▸ Dataset excerpt
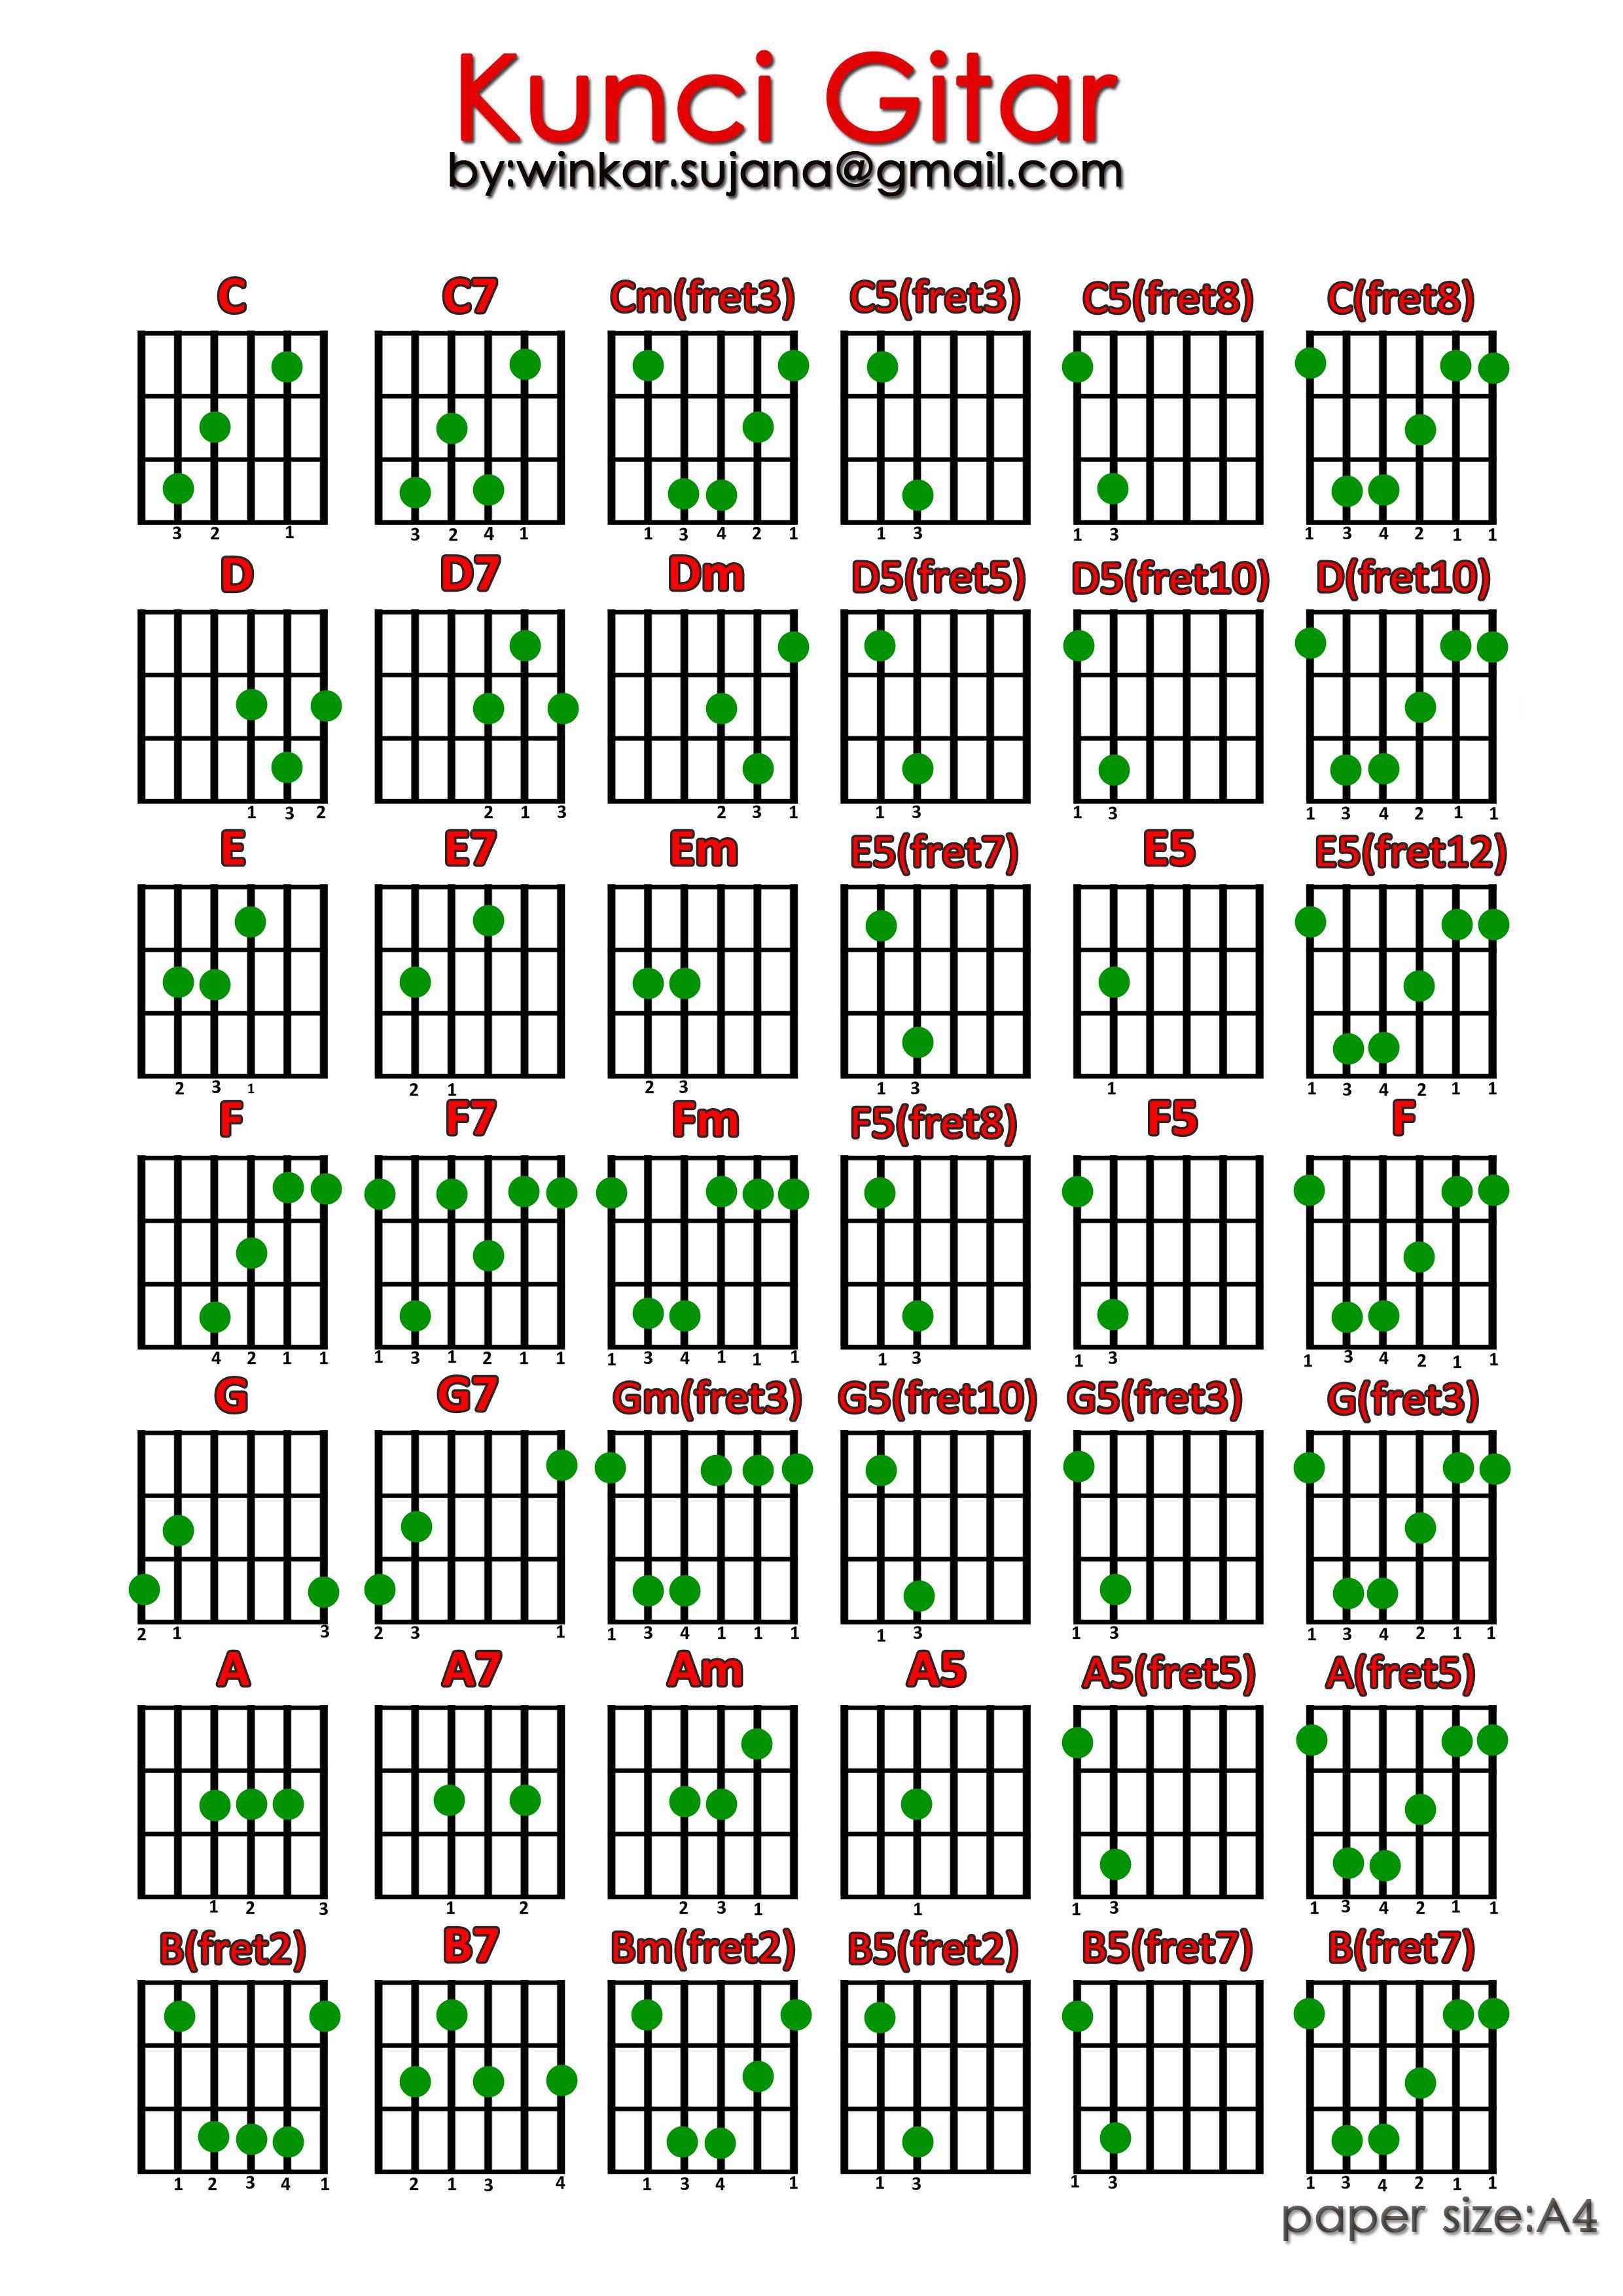 Kunci Gitar  newhairstylesformen2014com
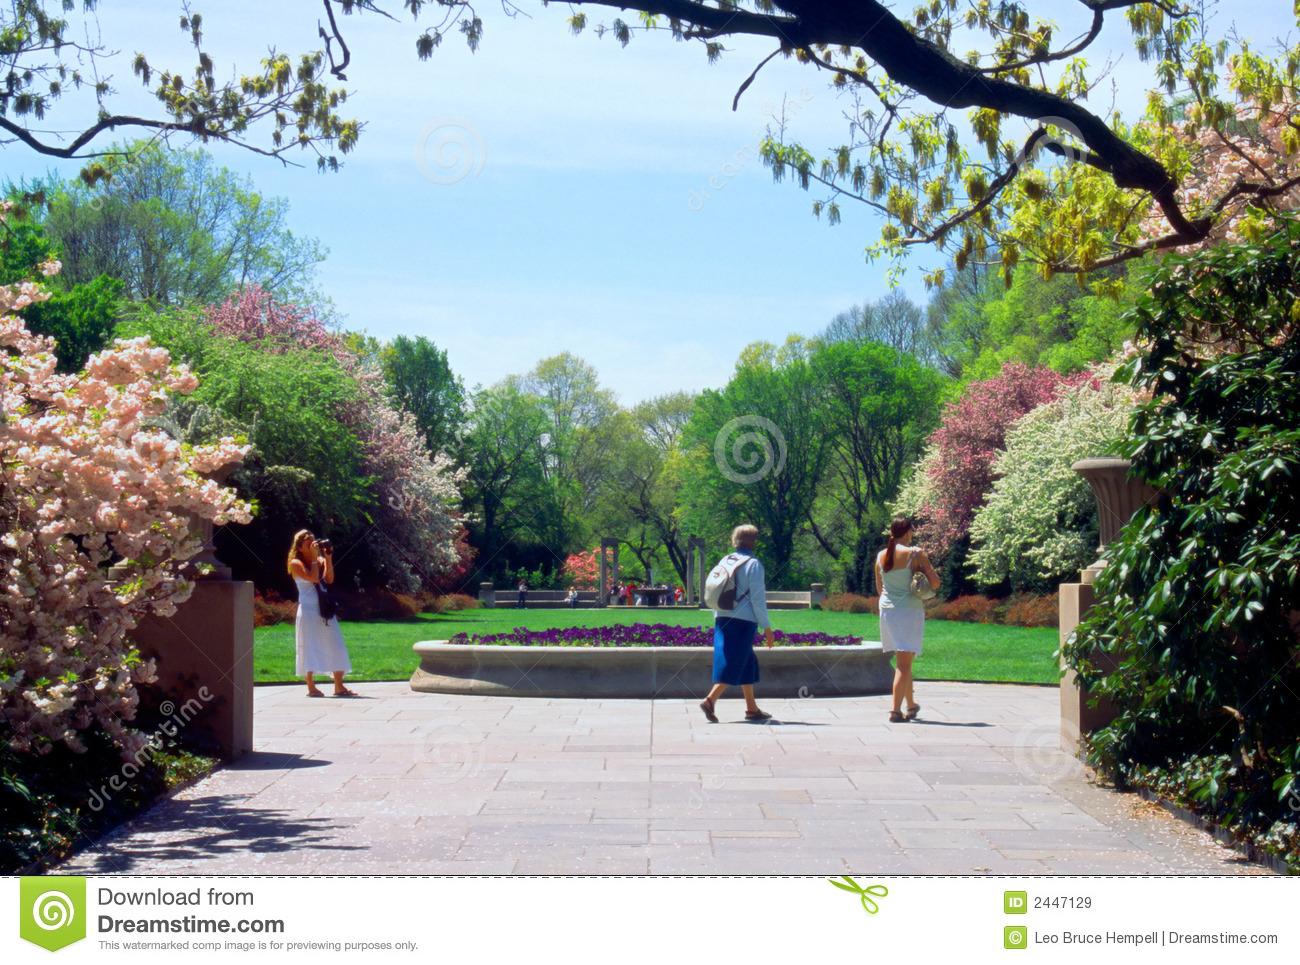 Tourists Brooklyn Botanic Garden New York USA Royalty Free Stock.
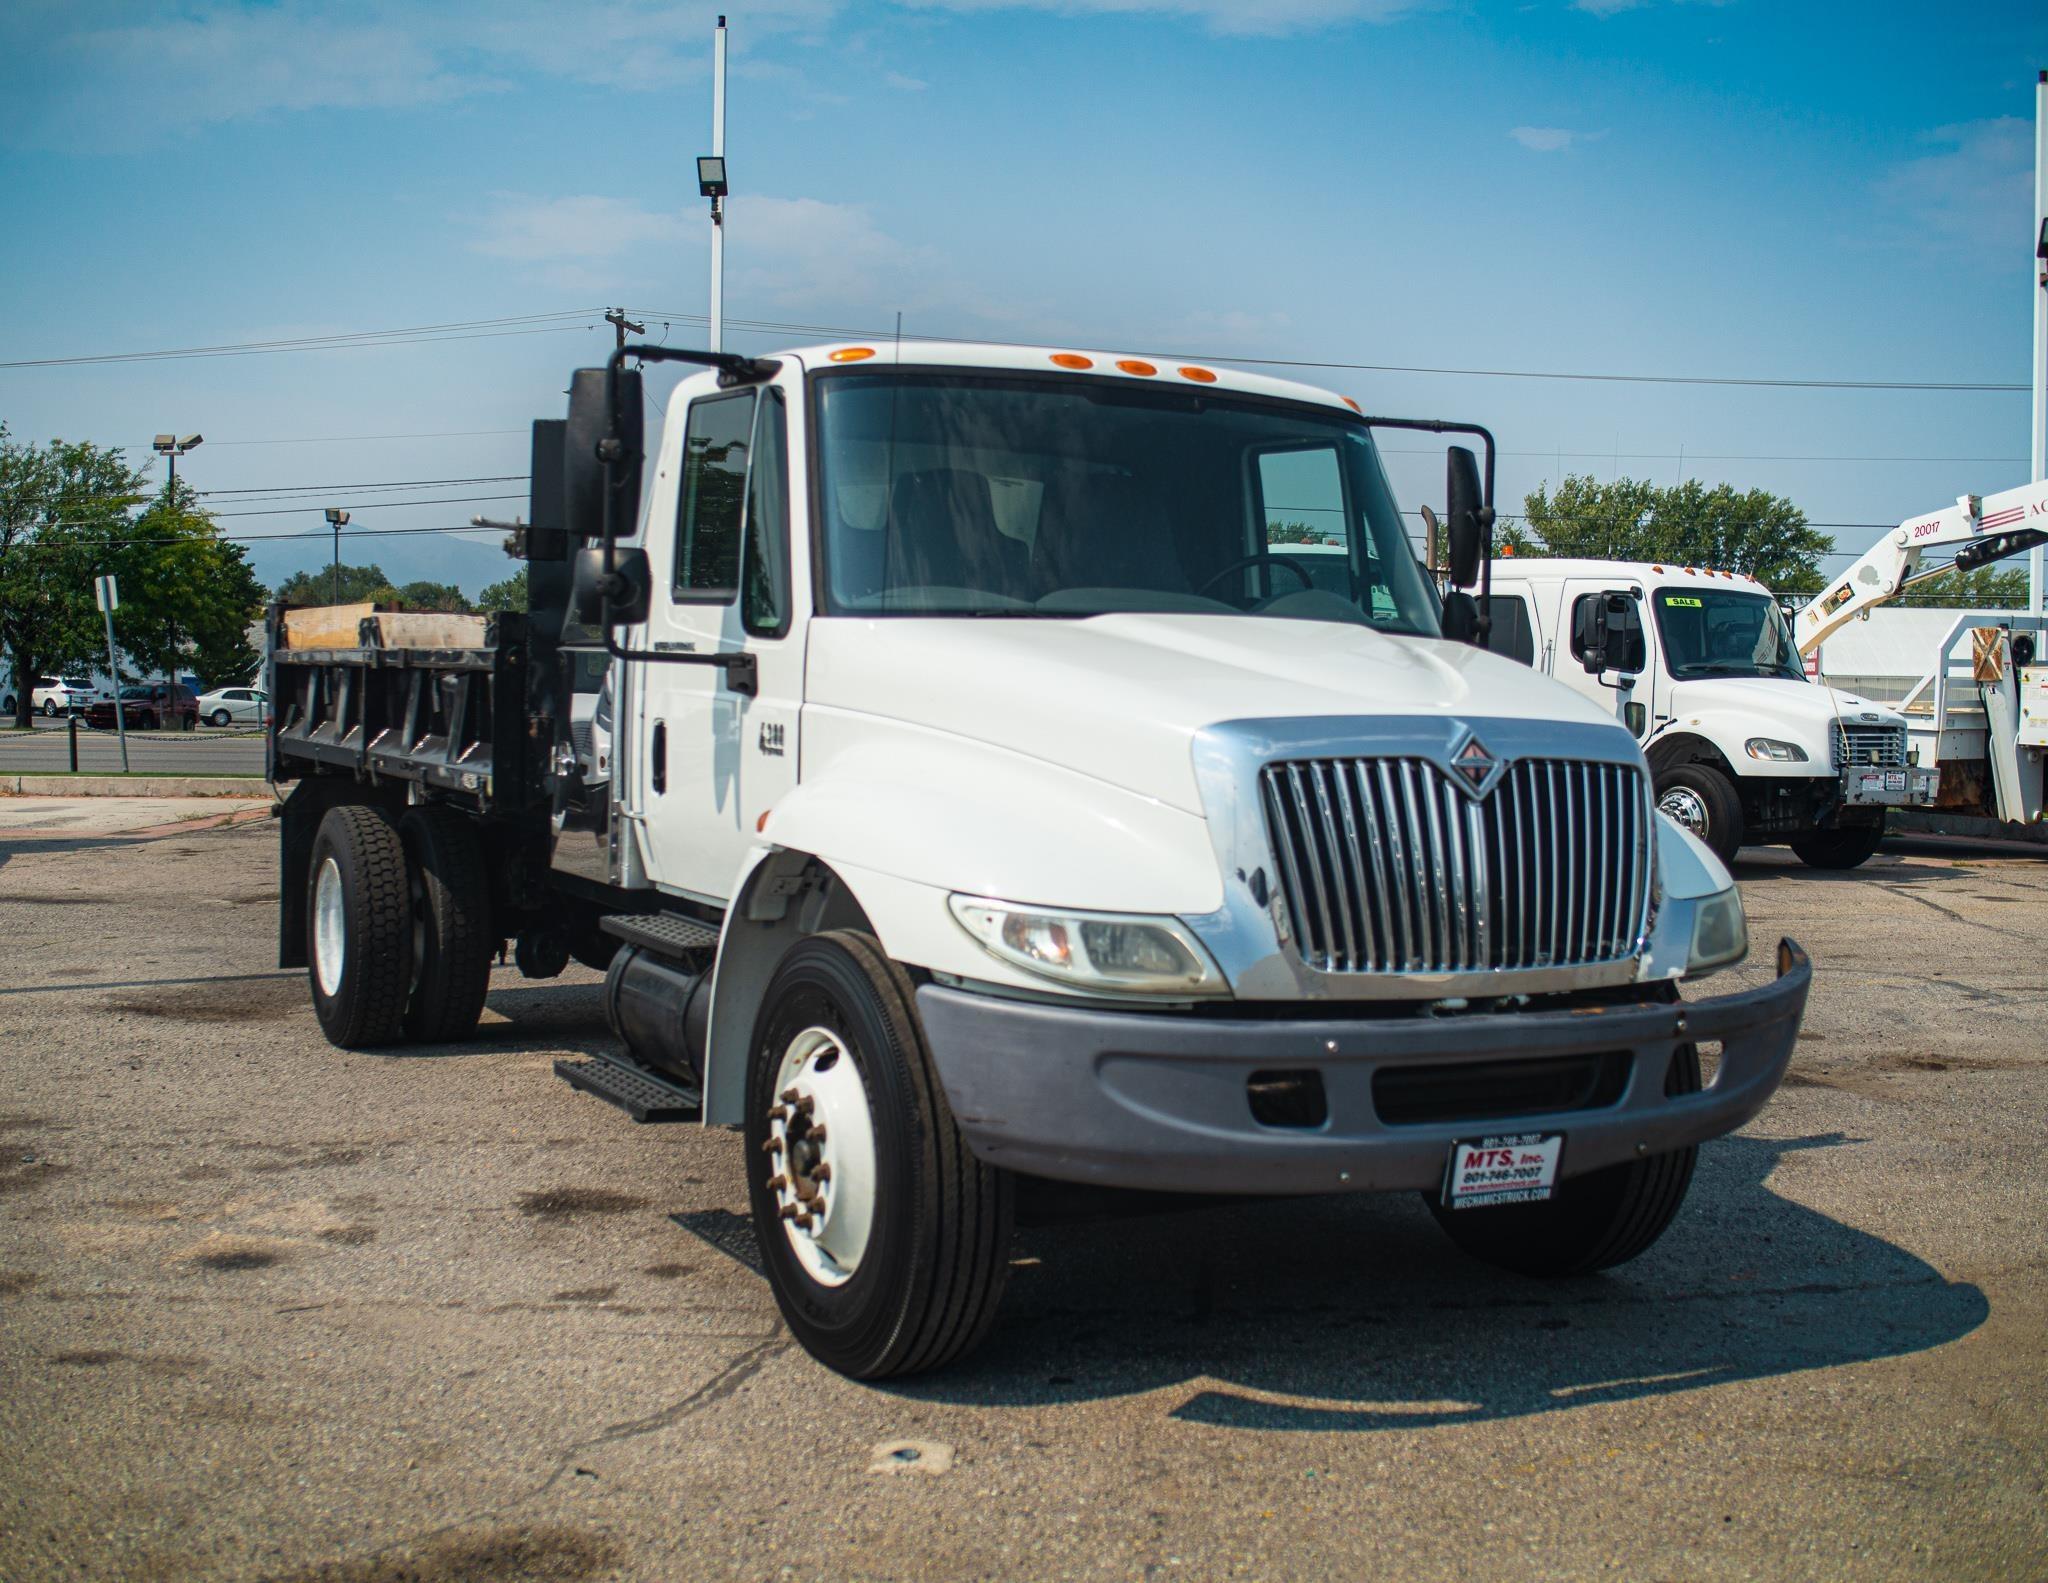 Used, 2007, INTERNATIONAL, 4000, Dump Truck

▸ What you need to do
Leave out all pictures and extract exactly the lines from the line with "Tourists Brooklyn Botanic" through the end of the material.

▸ Reply to the task
 Tourists Brooklyn Botanic Garden New York USA Royalty Free Stock.
 Used, 2007, INTERNATIONAL, 4000, Dump Truck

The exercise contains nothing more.